Metropolitan growth during this century’s first decade seemed poised for a continued upward trajectory. The booming 1990s heralded the greatest growth the nation’s large metropolitan areas had seen since the 1960s. During the 1970s, deindustrialization and something of a rural renaissance sharply reduced metropolitan growth, especially in the industrial Midwest. A small-but-mixed metropolitan growth revival occurred during the 1980s. But it was in the 1990s, when the nation’s population growth swelled with active immigration and the rise of the millennials, that metropolitan growth showed a rebound, especially in new parts of the Sun Belt and in areas with diversifying economies. This revival was echoed in suburbs and large cities, where some urban centers showed gains after decades of population loss. Thus, the groundwork was laid for continued and pervasive metropolitan growth in the 2000s.

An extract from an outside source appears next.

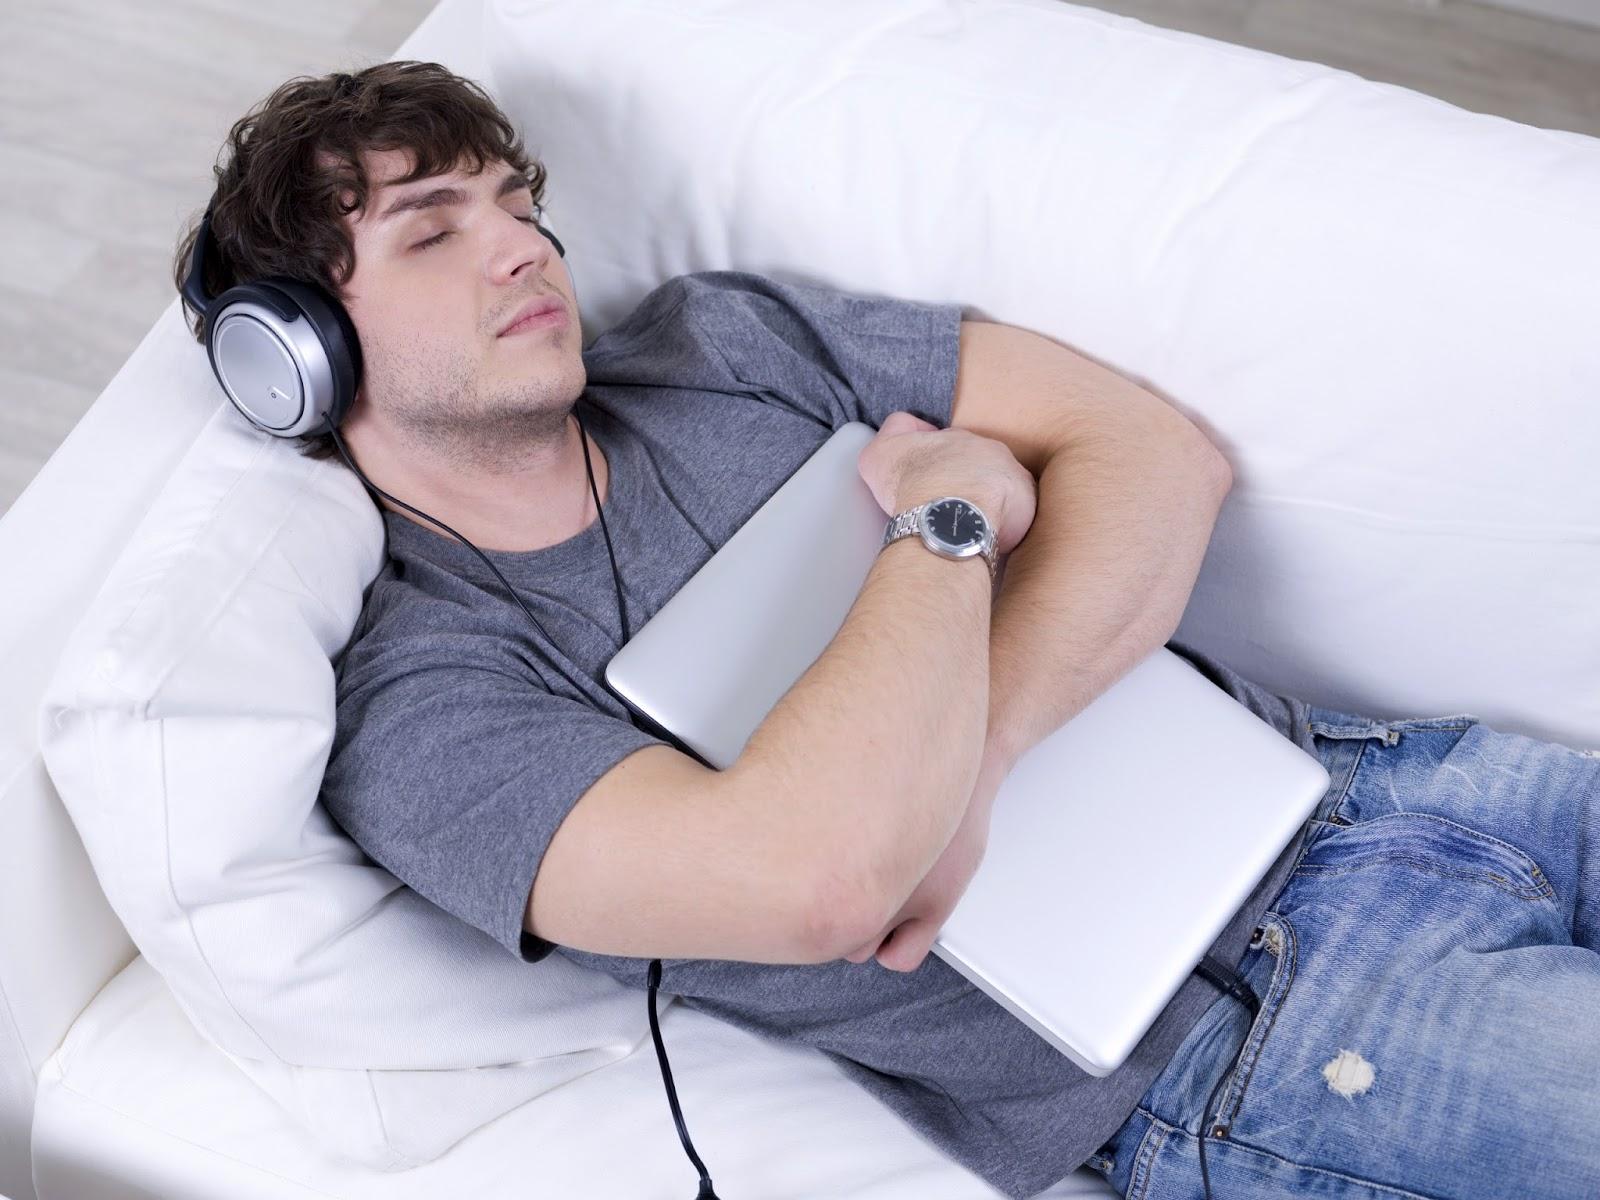 Benarkah Kurang Tidur sanggup Menyebabkan Kematian Benarkah Kurang Tidur sanggup Menyebabkan Kematian? Ini Penjelasannya

Emphasis added. The millennial migration in particular skipped over the troubled threesome. This part of America is truly the last of the urban frontier. (Sorry, Detroit.) A few waves of migration have failed to reach this lonely corner of the earth, another cul de sac of globalization.
Youngstown, Pittsburgh, and Buffalo are stuck in time, place. They comprise the cradle of Rust Belt Chic. The troubled threesome represent what millennials most want out of an urban experience. (Sorry, Portland.) What you can find in the Triangle of Demographic Doom, you can't find anywhere else.